A U.S. defeat would have enhanced Japan's naval superiority in the Pacific. Instead, the U.S. sank four Japanese aircraft carriers and snatched the military advantage from Tokyo.
Next week marks the 65th anniversary of the three-day battle that changed the course of World War II. Three Midway veterans in their 80s and 90s and the current Pacific Fleet commander will visit the island 1,300 miles northwest of Honolulu tomorrow for a ceremony hosted by the U.S. Fish and Wildlife Service, which today runs a nature reserve on the atoll.
"Americans like underdogs, and here we are underdogs," said Donald Goldstein, a University of Pittsburgh history professor. "I think that's what made it so good — that we shouldn't have won and we did."
The victory came after a string of U.S. setbacks in the Pacific.
Japanese forces ousted the U.S. from Wake Island, Guam and the Philippines in rapid succession in the months after Pearl Harbor.

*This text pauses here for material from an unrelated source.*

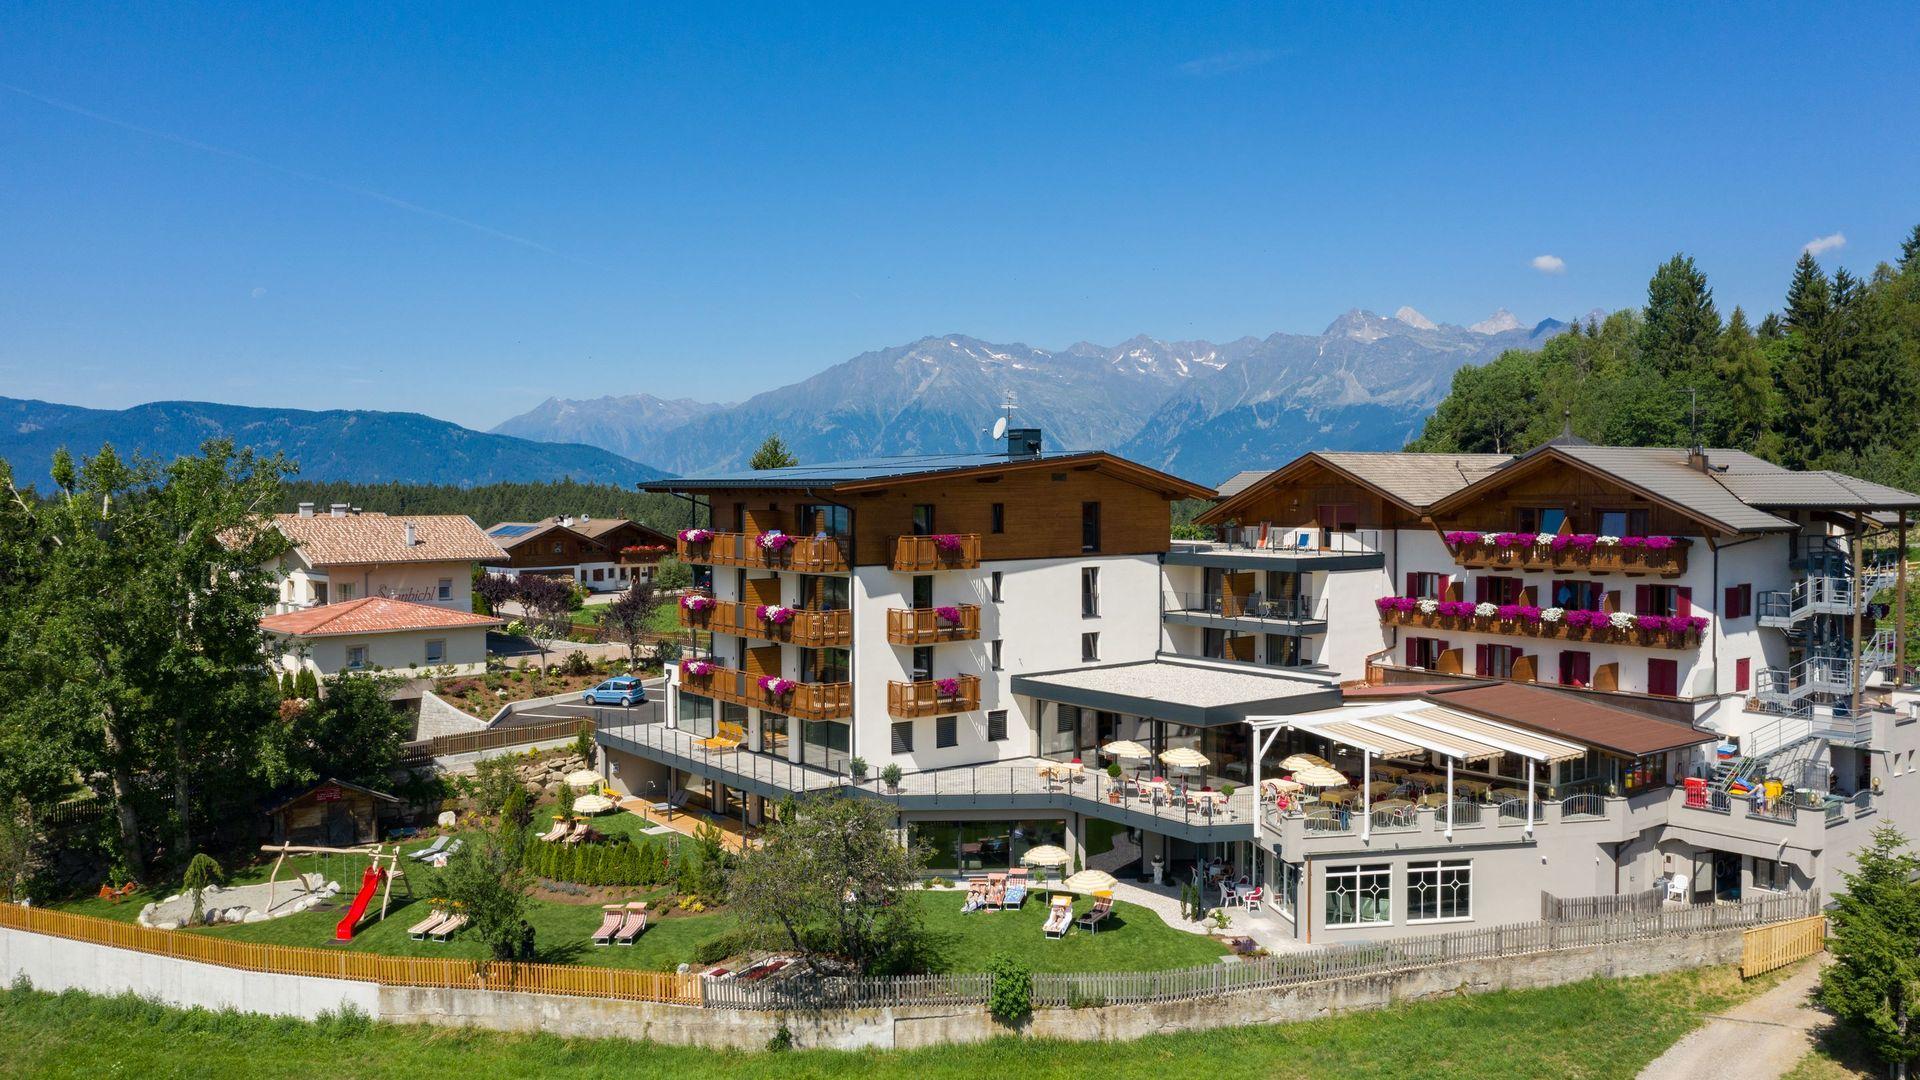 Hotel Benessere Sonnenheim Panorama Avelengo e Merano

Japan also drove the British, U.S. allies, from Singapore.
By targeting Midway, the Japanese navy aimed to take control of the U.S. patrol plane base there and destroy what was left of the U.S. Pacific Fleet. Conquering the island was a way to protect the Japanese homeland from U.S. air raids and prevent the U.S. from interfering with Tokyo's plans to dominate the Asia-Pacific.
The U.S. thwarted Japan's intentions with a mixture of codebreaking, smart decisions and luck.

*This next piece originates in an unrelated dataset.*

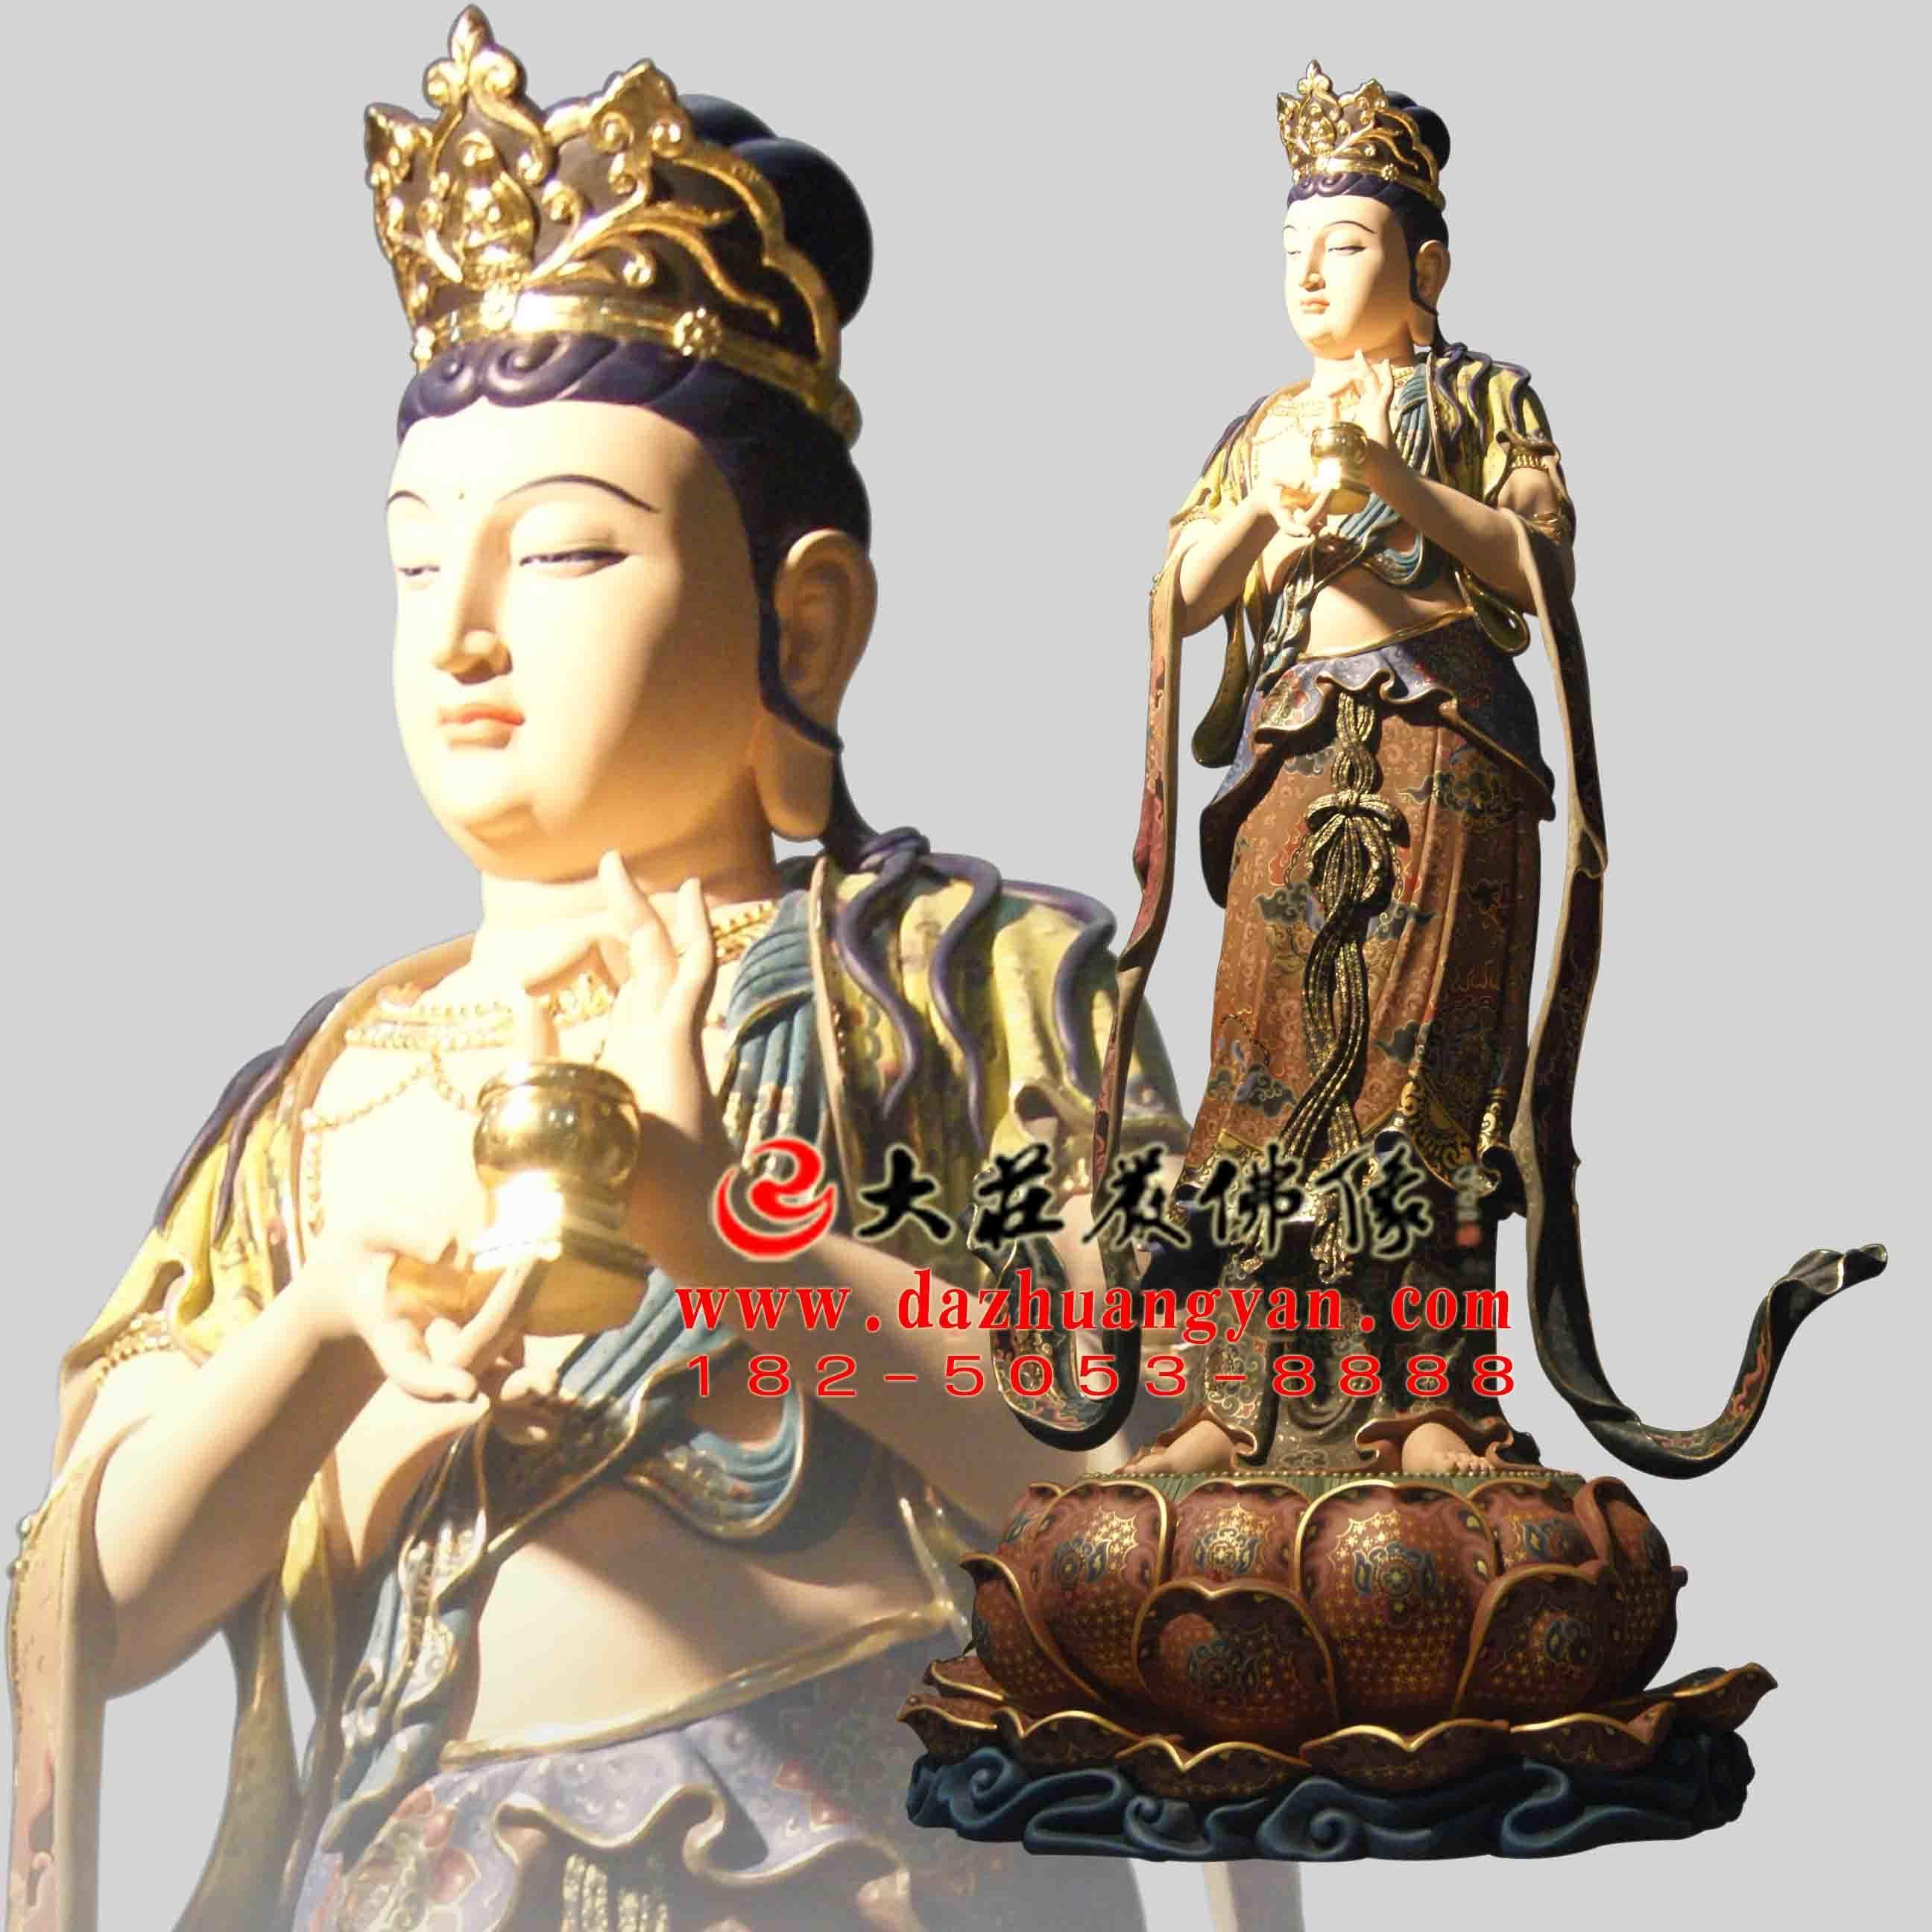 铜像八大菩萨之地藏菩萨彩绘佛像侧面像

The Navy's intelligence experts deciphered encrypted Japanese communications, giving Adm. Chester Nimitz, the U.S. Pacific Fleet commander, the precise time of the planned assault and what route Japan's ships would travel to Midway. He was also given notice of what vessels Japan would bring to the battle.
Both nations lost dozens of fighter jets, dive bombers and torpedo planes as they each sought to sink the other's aircraft carriers.
But the Americans had the benefit of knowing roughly where at sea their Japanese opponents were and how many ships their enemies had. Japan's commanders were forced to guess about their foes.
The U.S. lost one carrier, 145 planes and 307 men.
Japan lost four aircraft carriers, a heavy cruiser, three destroyers, 291 planes and 4,800 men. The defeat was so overwhelming that the Japanese navy kept the details a closely guarded secret, preventing the story of the battle from coming to light in Japan until after the war.
Goldstein, the co-author of "Miracle at Midway," said Japan's military never recovered from the loss because its industrial sector was unable to manufacture replacement aircraft carriers quickly enough to retake the advantage.
Over the next three years, U.S. forces moved increasingly westward after hard-fought battles to deny Japan access to Guadalcanal and to retake Guam. The island-hopping led the U.S. to Iwo Jima and Okinawa before Japan surrendered after the atomic bombings of Hiroshima and Nagasaki in 1945.
"Midway made it possible for us to take the offense. Before that it had been all defense," Goldstein said.
The Navy handed the two islets that make up Midway — Sand and Eastern islands — over to the Fish and Wildlife Service in 1996. The agency has held commemorative ceremonies every year since, though the last major observation was for the 60th anniversary in 2002.
Midway enjoys quieter days today. Its primary residents are the hundreds of thousands of Laysan albatross, or "gooney birds" that have long nested there. Only a few dozen humans live on site to run the wildlife refuge.
The atoll is on the upper northwest end of the national marine monument President Bush created last June around the Northwestern Hawaiian Islands.
The nature reserve, known as the Papahanaumokuakea Marine National Monument, is home to endangered species like the Hawaiian monk seal and is the largest marine conservation area in the world.